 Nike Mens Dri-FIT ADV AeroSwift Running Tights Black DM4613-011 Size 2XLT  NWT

---

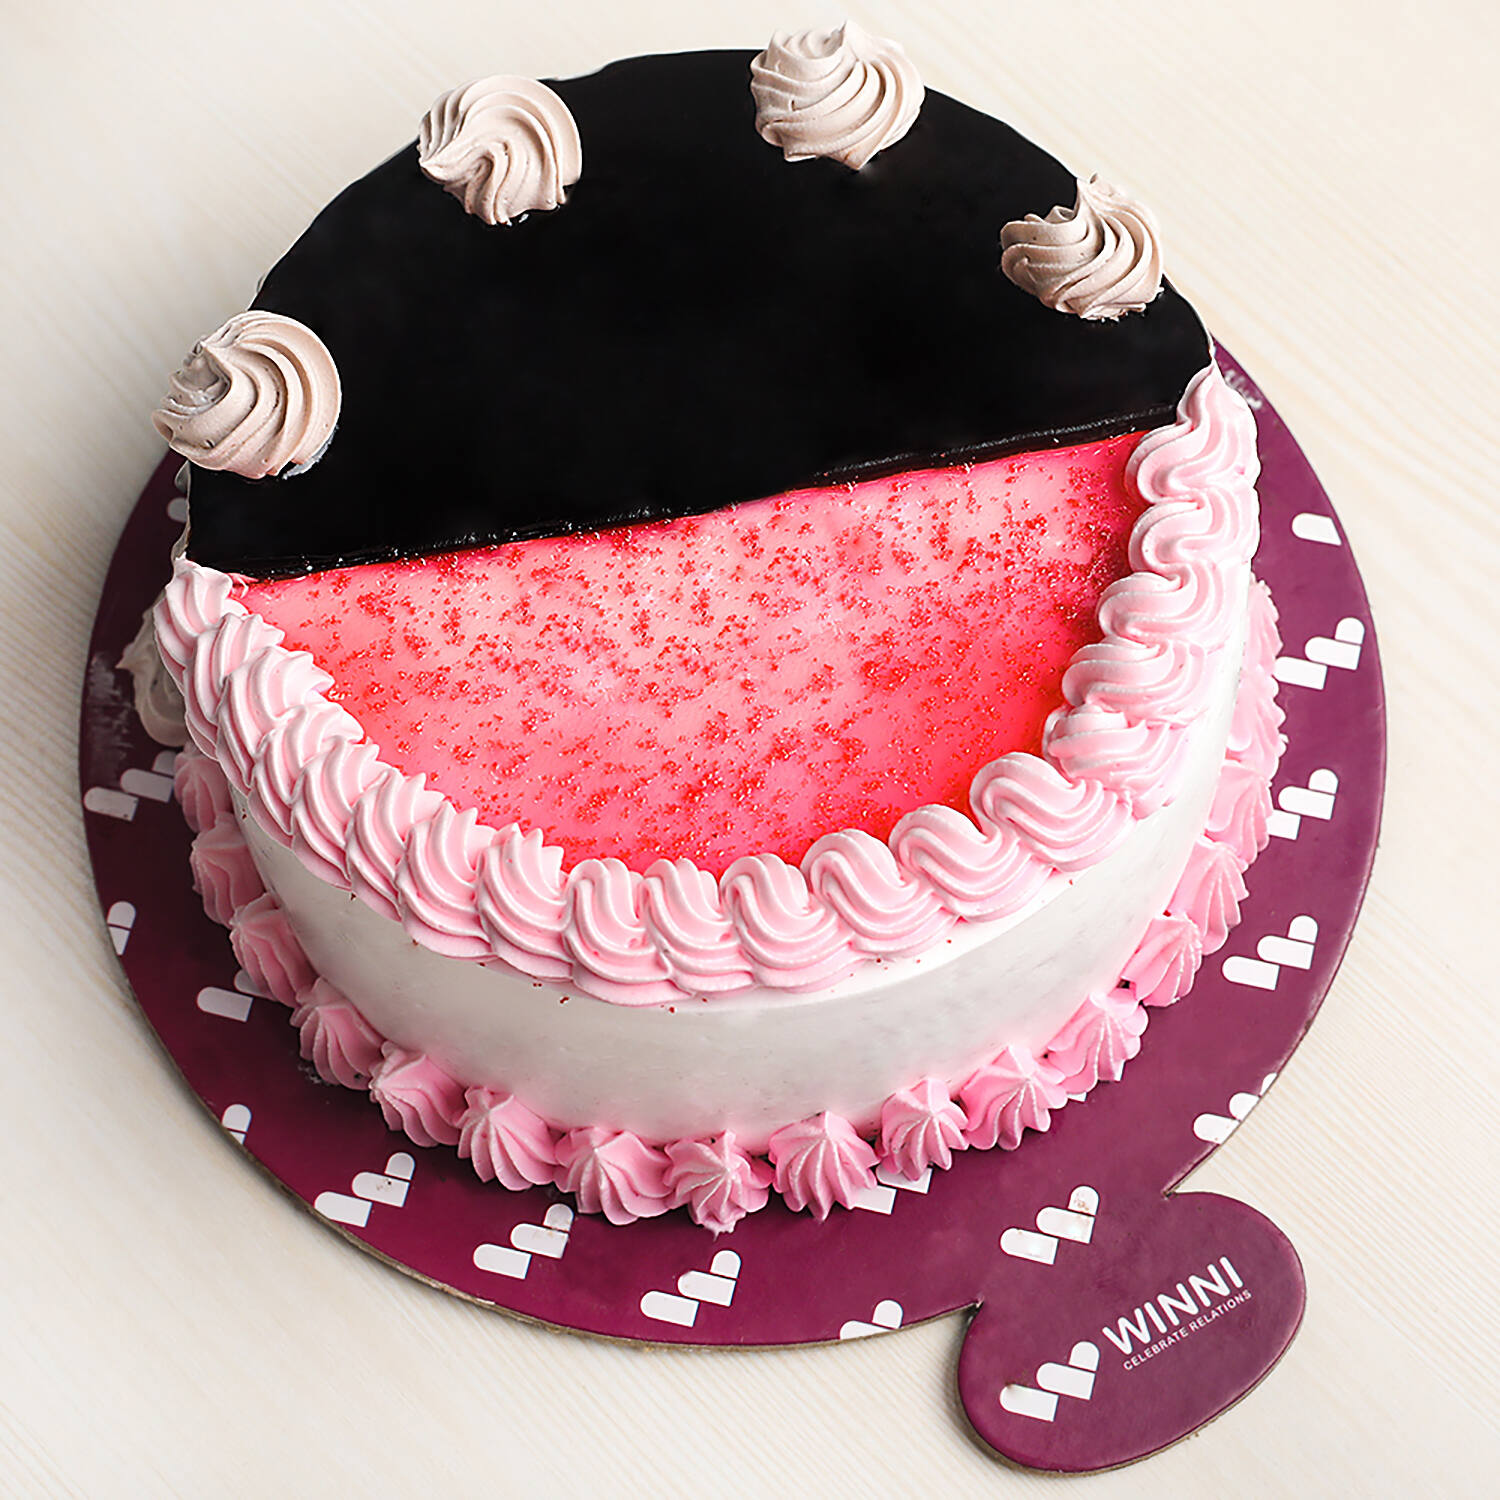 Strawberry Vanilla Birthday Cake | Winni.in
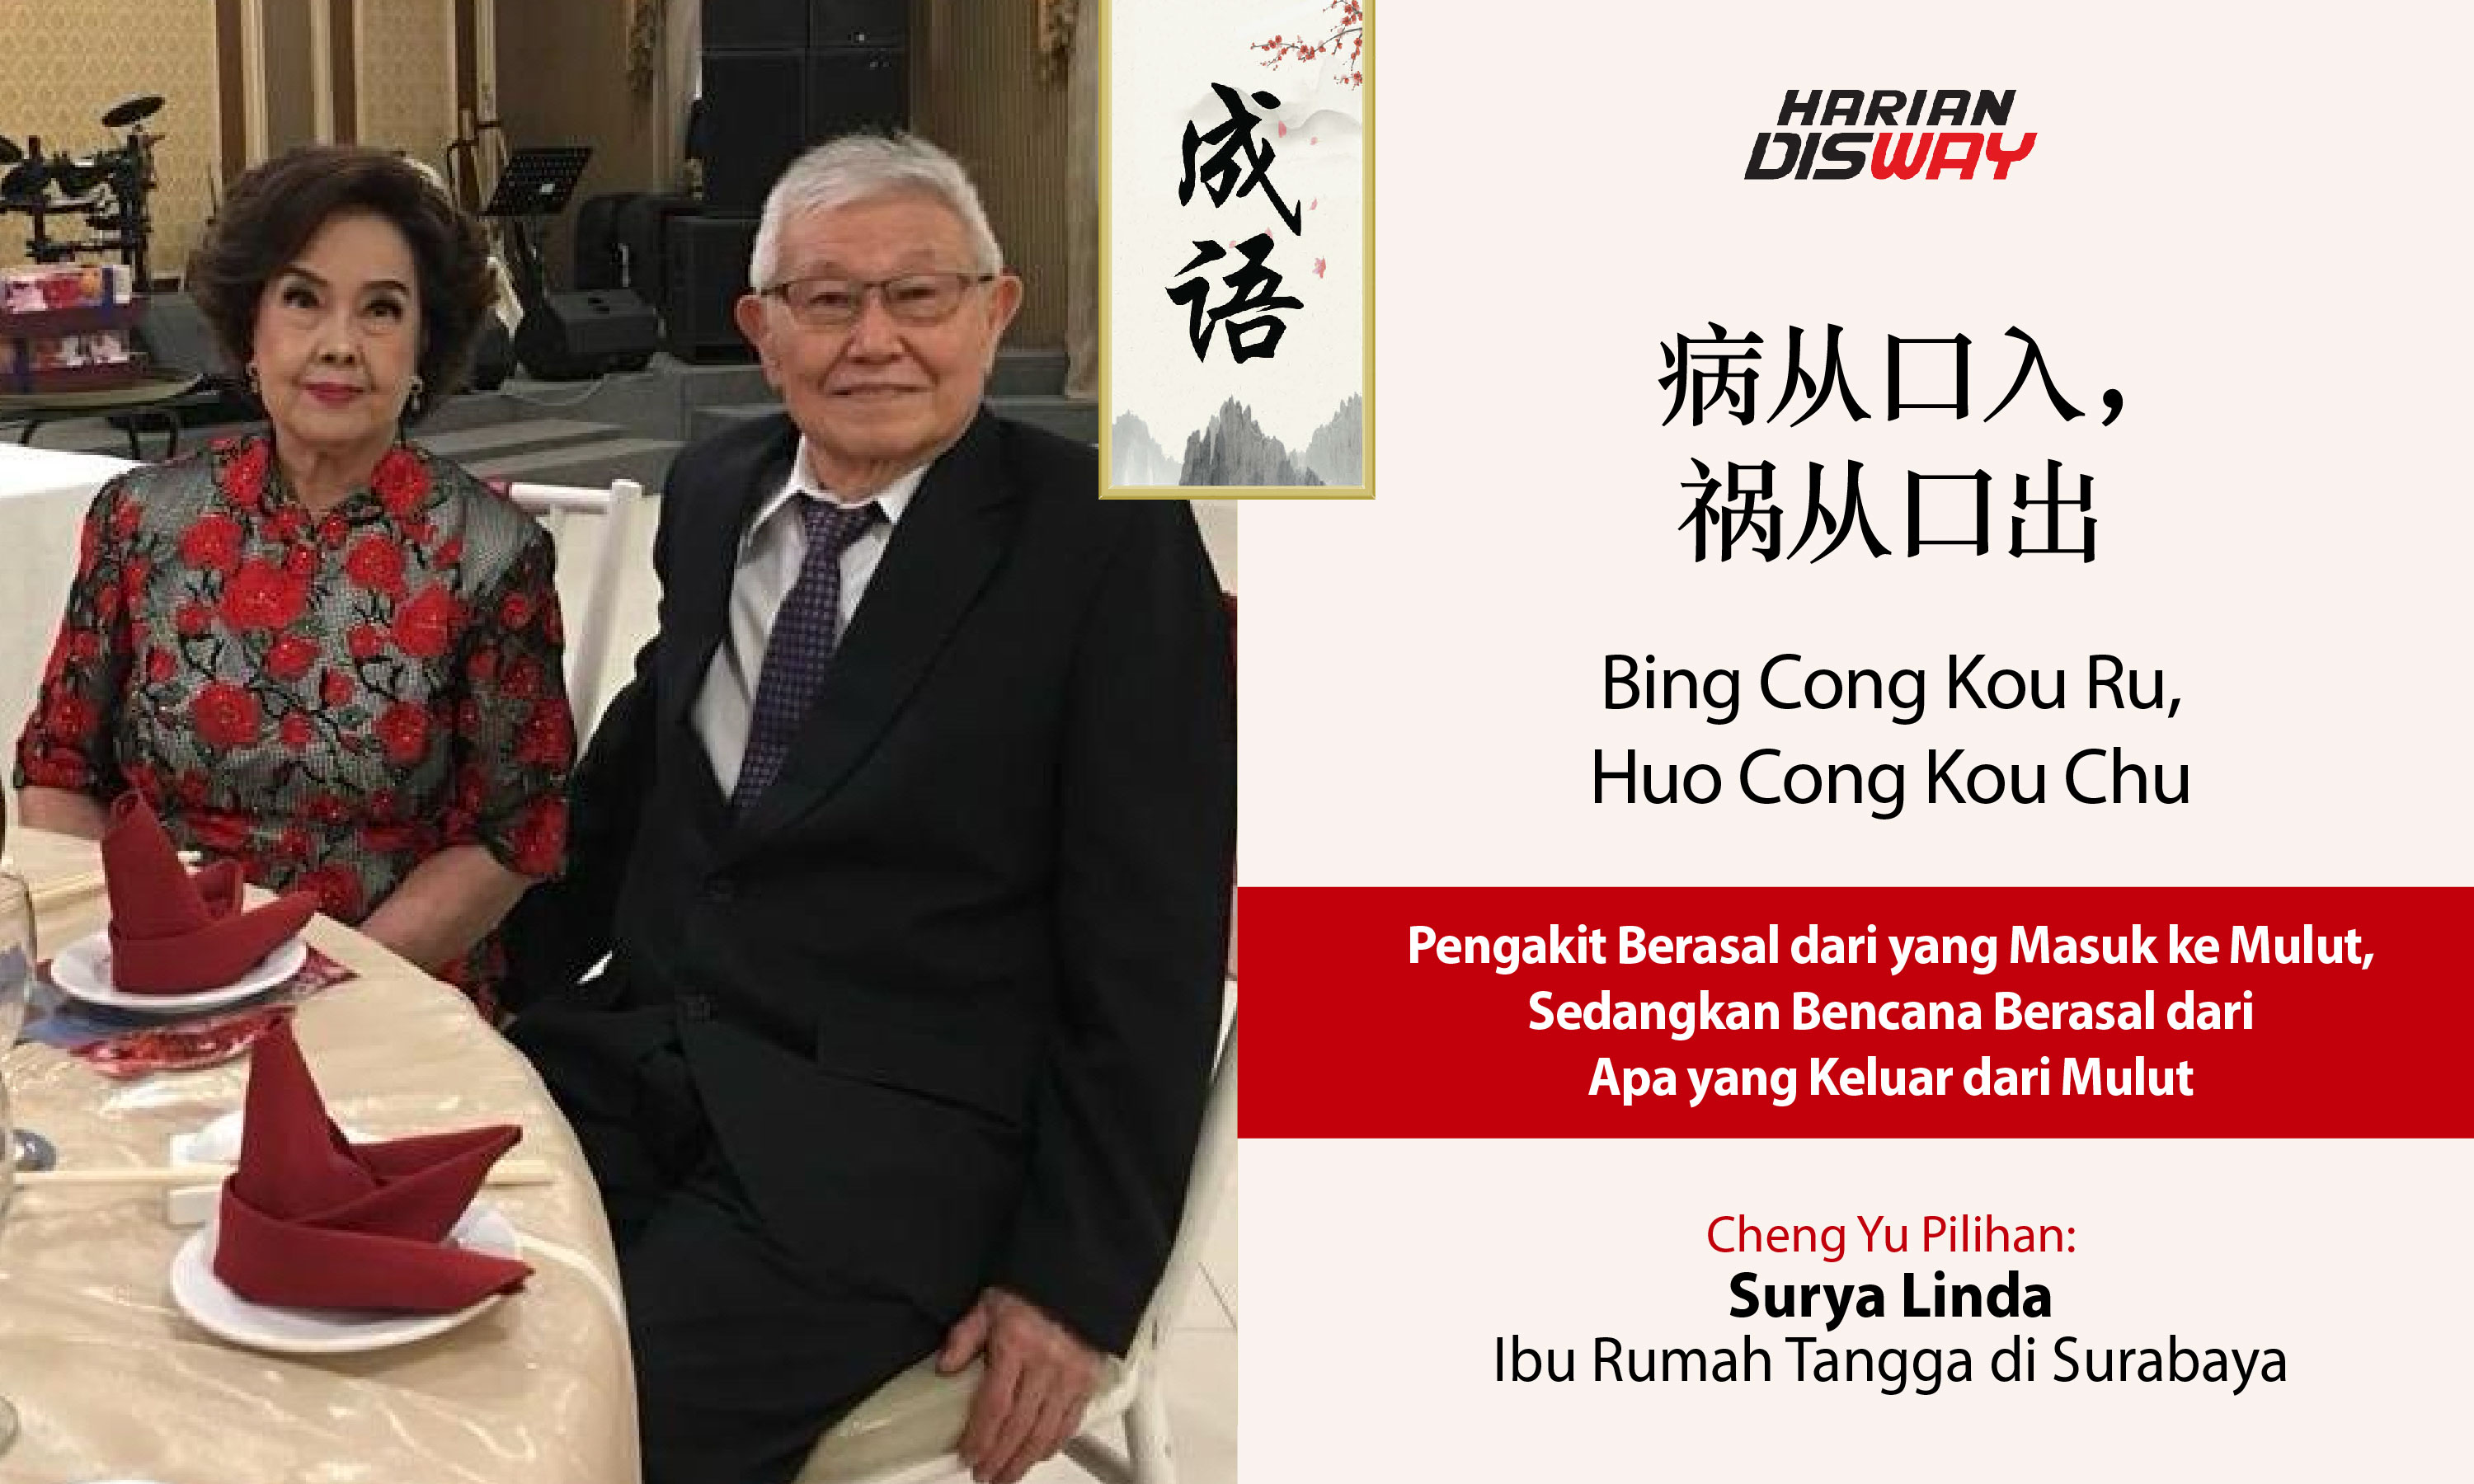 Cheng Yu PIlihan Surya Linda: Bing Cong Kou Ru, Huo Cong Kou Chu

_How to complete this task_. Your answer should be the exact lines above from the one containing "Strawberry Vanilla Birthday Cake | Winni.in" through the one containing "Cheng Yu PIlihan", with both end lines kept and the pictures removed, please.

_Worked solution_.
 Strawberry Vanilla Birthday Cake | Winni.in
 Cheng Yu PIlihan Surya Linda: Bing Cong Kou Ru, Huo Cong Kou Chu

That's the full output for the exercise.